Федор Дмитриевич уже второй год не варил пива, праздновал день урожая.
— Больше шабаш религиозные предрассудки, — сказал он жене решительно и твердо.
— А как же — гости придут?
— Чайком попой, пирог испеки хороший. Вот я засяду и буду газеты читать.
Читать газеты Федьке, впрочем, не пришлось — ребята-комсомольцы из соседней деревни утащили его участвовать в спектакле.
Так было в прошлом году. Нынче же Федьке было не до спектаклей — хмурый, похудевший, он целыми днями молчал, все валилось из рук его.
— Да что с тобой? — спрашивала Анюта.
— Живот болит.
Было это дня за три до праздника. До вечера Федька пролежал на конике, ночью ворочался с боку на бок, стонал… Анюта несколько раз вздувала огонь и смотрела на него.

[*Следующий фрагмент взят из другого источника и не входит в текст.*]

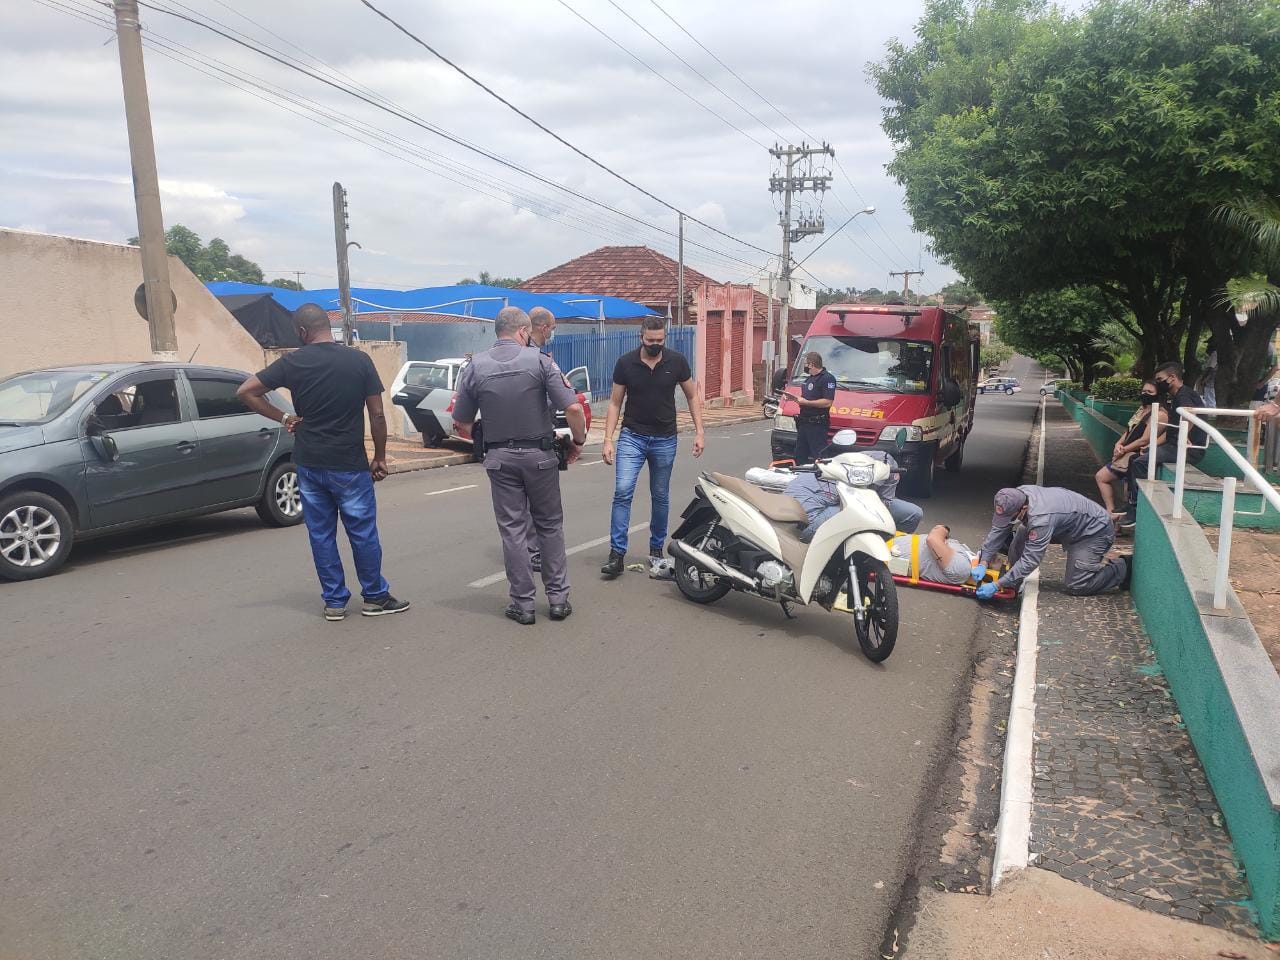 Motociclista fica ferido após colisão contra carro no centro de Santa Fé do Sul

Ей казалось, что муж тает, как свеча.
— Тяжело?
— Ой, тяжело… Да ты ляг, успокойся.
Большая борьба шла в груди у Федьки. Сказать ли жене о своих думах или жить затаившись и мучиться? И видел мужик, заговори он сейчас с женой — разлетится, расколется вся их такая налаженная жизнь, и не соберешь ее, не догонишь.
— Ой, Анюта!
— Ну?
— Ничего… Хотел спросить, ходила ли ты сегодня в баню?
— Господи, да что с ним?
«А вдруг она до сих пор любит того, ненавистного?» — подумалось Федьке, и дрожь пробежала по его худому нескладному телу.
— Жена! — снова окликнул он.
— Да что такое?
— А вот… Не перенесть ли нам, как ты думаешь, на будущий год хмельник на другое место? Али, может, совсем изничтожить?.. Все равно теперь хмель не требуется, пива не варим.
— К чему ты о хмельнике-то, ни к селу ни к городу?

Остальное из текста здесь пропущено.